Don Reviews "The Menu"

I worked in the restaurant business for over twenty-five years in some form going as far back as my high school days in establishments ranging from those five-diamond rated to local diners in roles from dishwasher to corporate headquarters. From those days, I will never forget when in 1992 at one of the finest restaurants in Montana I helped cook the dinner of (at that time) Vice President Dan Quayle. Knowing how cut-throat the business of fine dining is, I was very interested to see how this all fits into “The Menu”.

Directed by Mark Mylod (Shameless, Game of Thrones) and starring Ralph Fiennes, Anya Taylor-Joy, John Leguizamo, Nicholas Hoult, Hong Chau, Janet McTeer, Judith Light and Reed Birney, this film takes place on a fifteen-acre island that houses a world-famous exclusive restaurant run by Chef Slowik (Fiennes). Each customer pays $1,250 for a multi-course dinner over a four-hour period where the food is an art form. On this particular night, the guest list includes a wealthy couple, three men that are Wall Street gurus, another couple who are world famous food critics, a has-been actor (Leguizamo) with his assistant, and Tyler (Hoult) who is bringing a different guest than who was originally scheduled in Margot (Taylor-Joy).
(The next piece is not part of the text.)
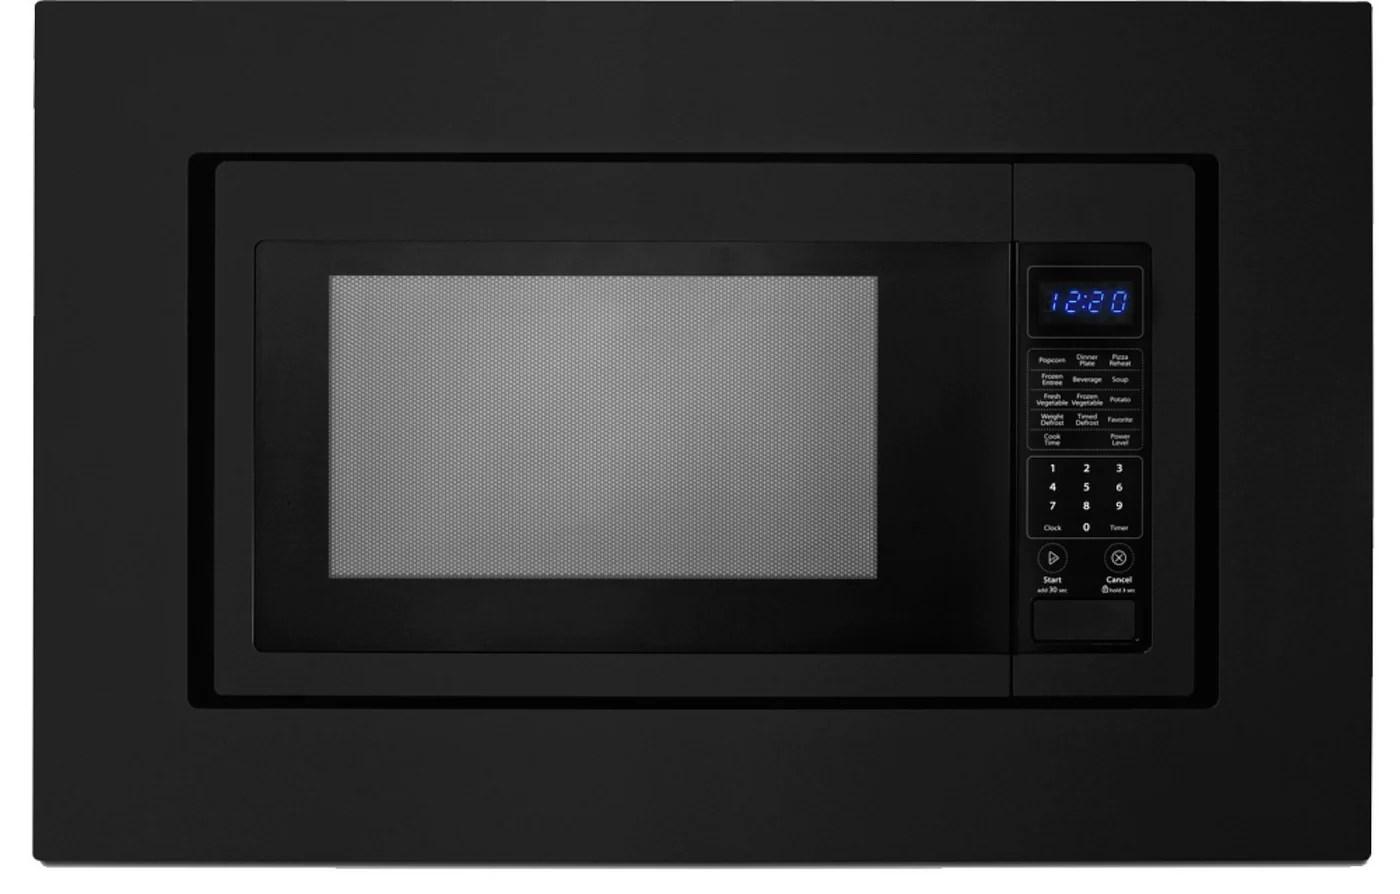 unbranded black countertop microwave trim kit 27 inch mk2167ab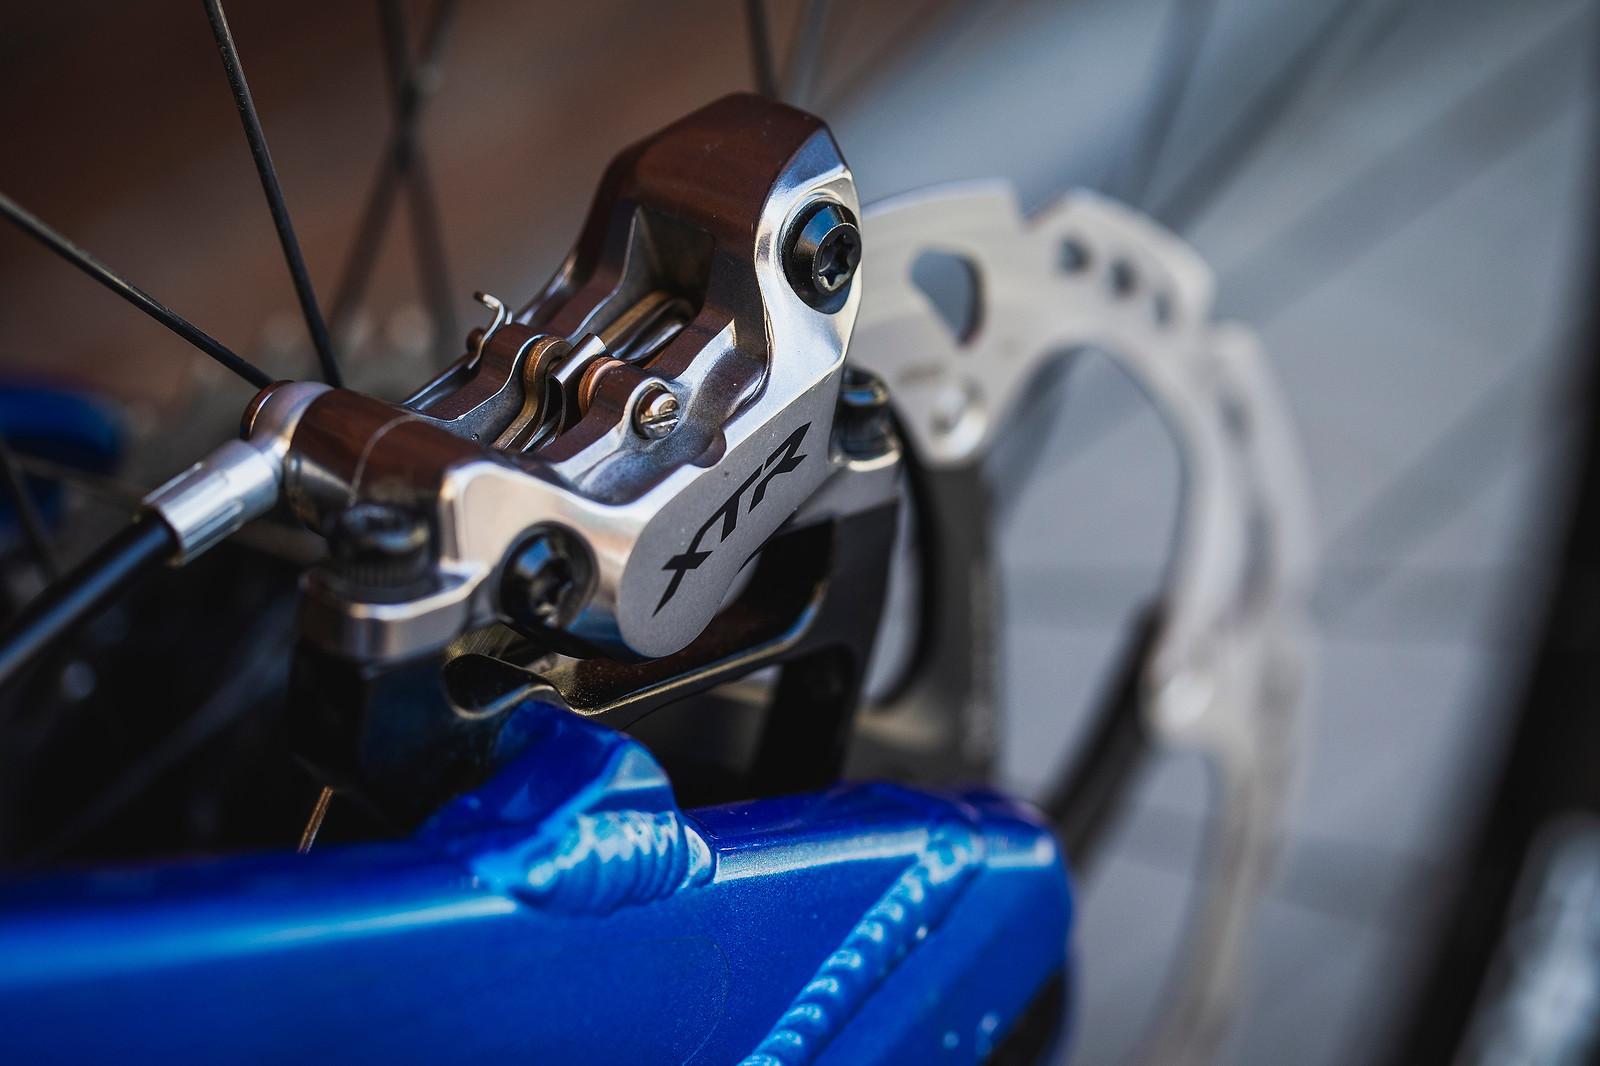 Shimano XTR Brakes - Pro Bike Check - George Brannigan's GT Fury - Mountain Biking Pictures - Vital MTB

The dinner starts off as any high-end dinner would where as the chef explains each course as it arrives, but as the evening goes on, things start to get crazy in one of the most interesting dinner parties I have ever seen, much less in a film.

Visually, “The Menu” keeps things simple with a vast majority taking place in the restaurant itself in a way where the building works itself into the story on its own. Even though this is a dark film, I can see some major nominations coming out of it at least for Fiennes. He plays the role of a world-class chef “with some issues” incredibly while Chau’s performance as a form of head manager who wants to pay attention to restaurant etiquette takes the role to a new level.

At a little over an hour and forty-five minutes the pacing is just about right, which really comes through in how much I LOVED THIS SCRIPT. There is some violence but there are also quite a few times where I found myself laughing out loud. This film felt like if you had a “recipe” of:

1. One part of the darkness and gore of “Se7en”.

2. One part of the dark plot twists from “Saw”.

3. Add in the intensity and restaurant stress of “Burnt”.

4. Knead in the food from “Chef” (yes, this film made me hungry).

5. Drizzle in 2 parts the comedy of “Shaun of the Dead” and “The Dead Don’t Die”.

Combine all into a theater and watch for just under two hours for “The Menu”. I was truly surprised on how good the film was to the point where just about everyone in the screening laughed multiple times throughout it. Be warned this film is dark, but I giving this the coveted full price in the theaters recommendation.